There is so much to tear into and unpack with the effectiveness of our congress. It is like a large clock with so many cogs and gears that help to keep the clock of the government ticking. Over the past couple of decades, our congress has moved quite slow on many issues, the legislative branch used to run on getting things done now it is just a slow crawl. The senate can not even pass a budget pill without everything almost grinding to a halt. Americans often get angry at our government because of its inability to govern and pass laws effectively.
A recent poll conducted by Gallup found that 12 percent of the American populace is “ Confident in the Government”. The highest this number has been was in 1964 at 77 percent. Not only have we seen a major drop in government confidence we have also seen drops in trust in the Government. Only 24 percent of people have “trust” in the government. These numbers change every year with who is in power and what is going on, but they relatively have been down-trending since Bush junior in which the number was at 60 percent. These numbers give us a good look into the true feelings of the American people towards their own government. This year alone these numbers were at the lowest we have seen with only 12 percent. With current trends, and the lay of our political landscape these numbers are not likely to rise or change very much.

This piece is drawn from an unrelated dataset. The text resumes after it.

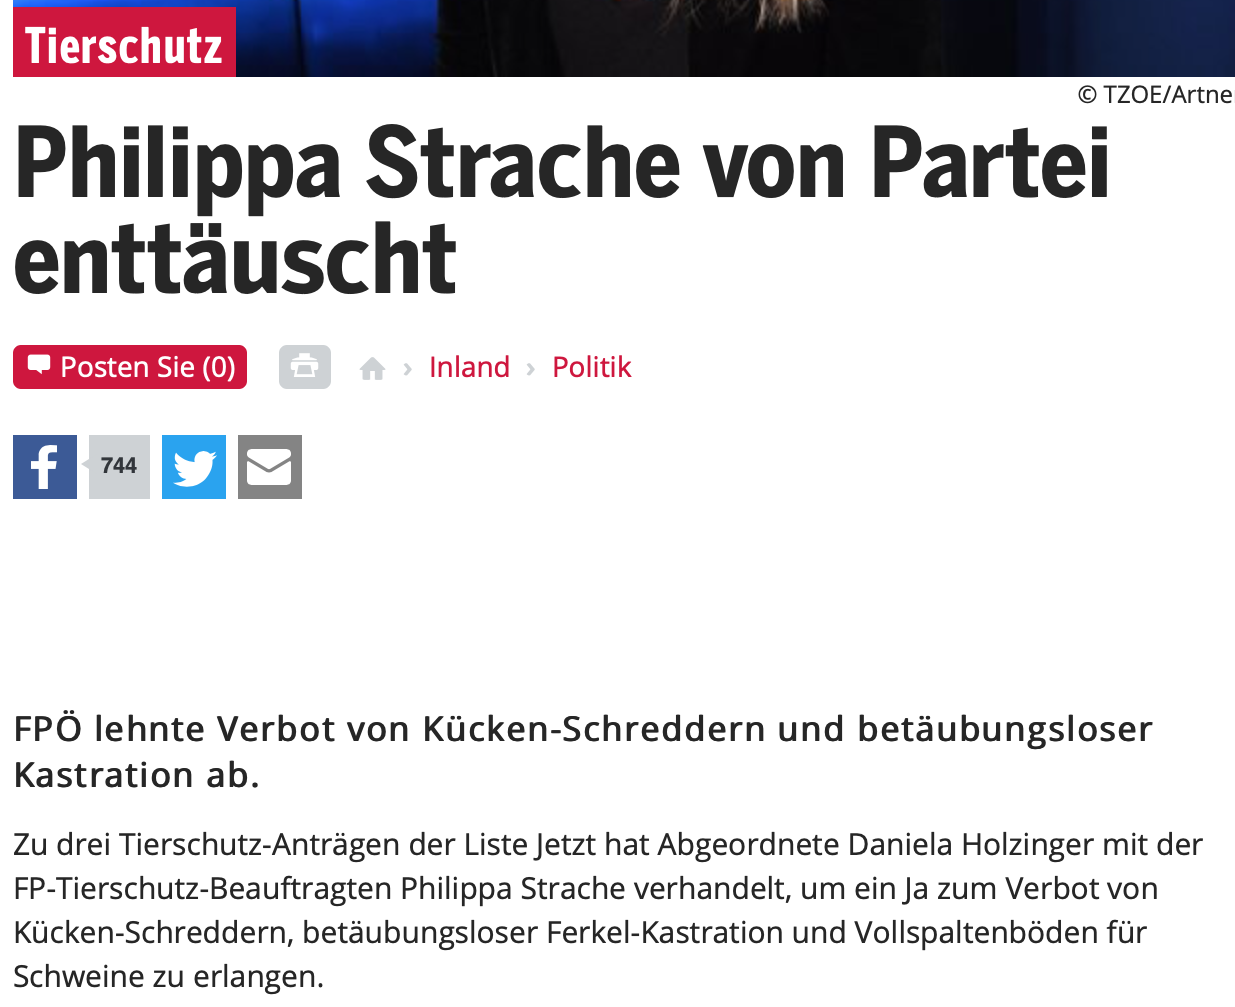 Philippa Strache in oe24.at 14.6.19: "von Partei enttäuscht"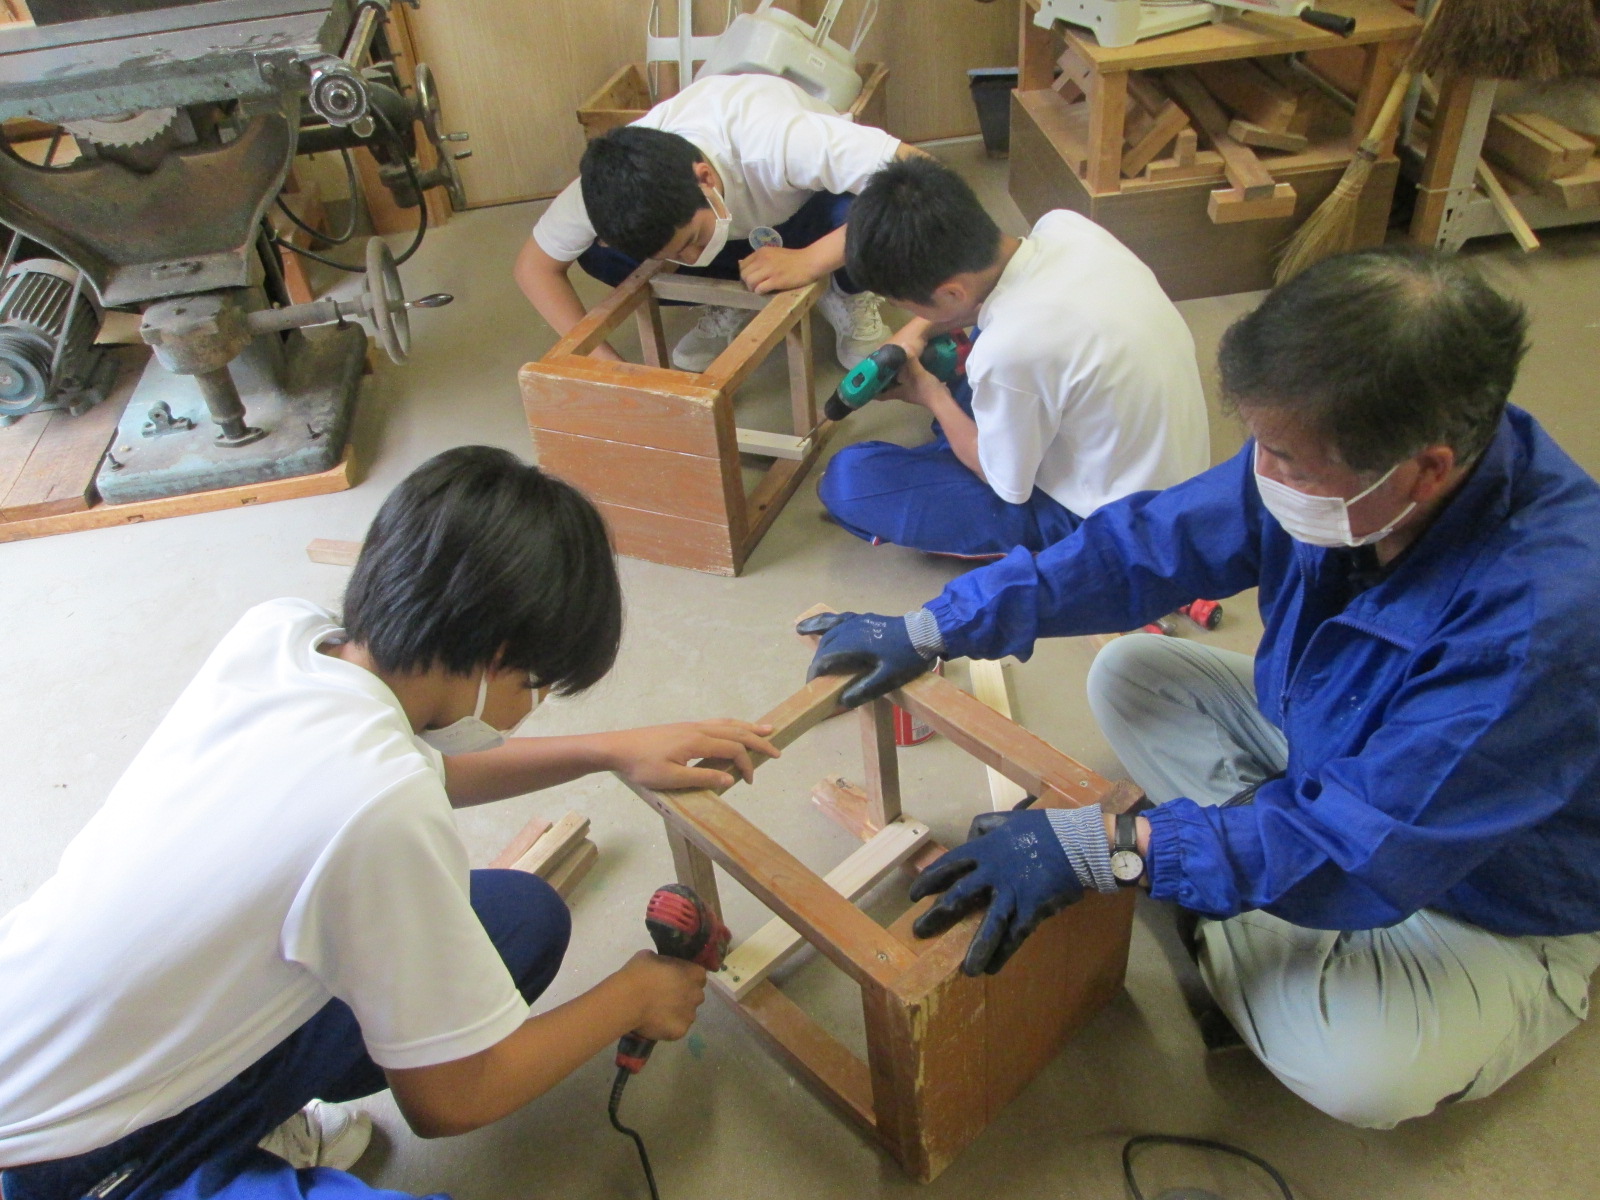 指導員の指示を聞きながら木製の椅子を修理する中学生たちの写真

Bureaucracy is a slow process and there is not a whole lot you can do to speed things up, but there are a few things that can be done to help this process. One of the things that can be done to improve the effectiveness of congress is limiting things like the filibuster. The filibuster is something that is very important and keen to our congress but whole bills can be derailed by one person who has issues with it. It slows things down and makes bills harder to get through and laws to be passed. Placing better parameters on the filibuster will definitely help to move the flow of the government and its ability to get things done.
If the government starts to make changes to things and starts to drop petty partisan conflicts then the gears of this clock will start to move and move smoothly. Americans want their government to succeed. The numbers show this. In the past, the government did succeed. People felt like the country was moving forward. Now it just feels like we can never decide on anything and policy-making and coming up with new laws is slower than ever. Maybe things will turn around and move towards a more effective governing body.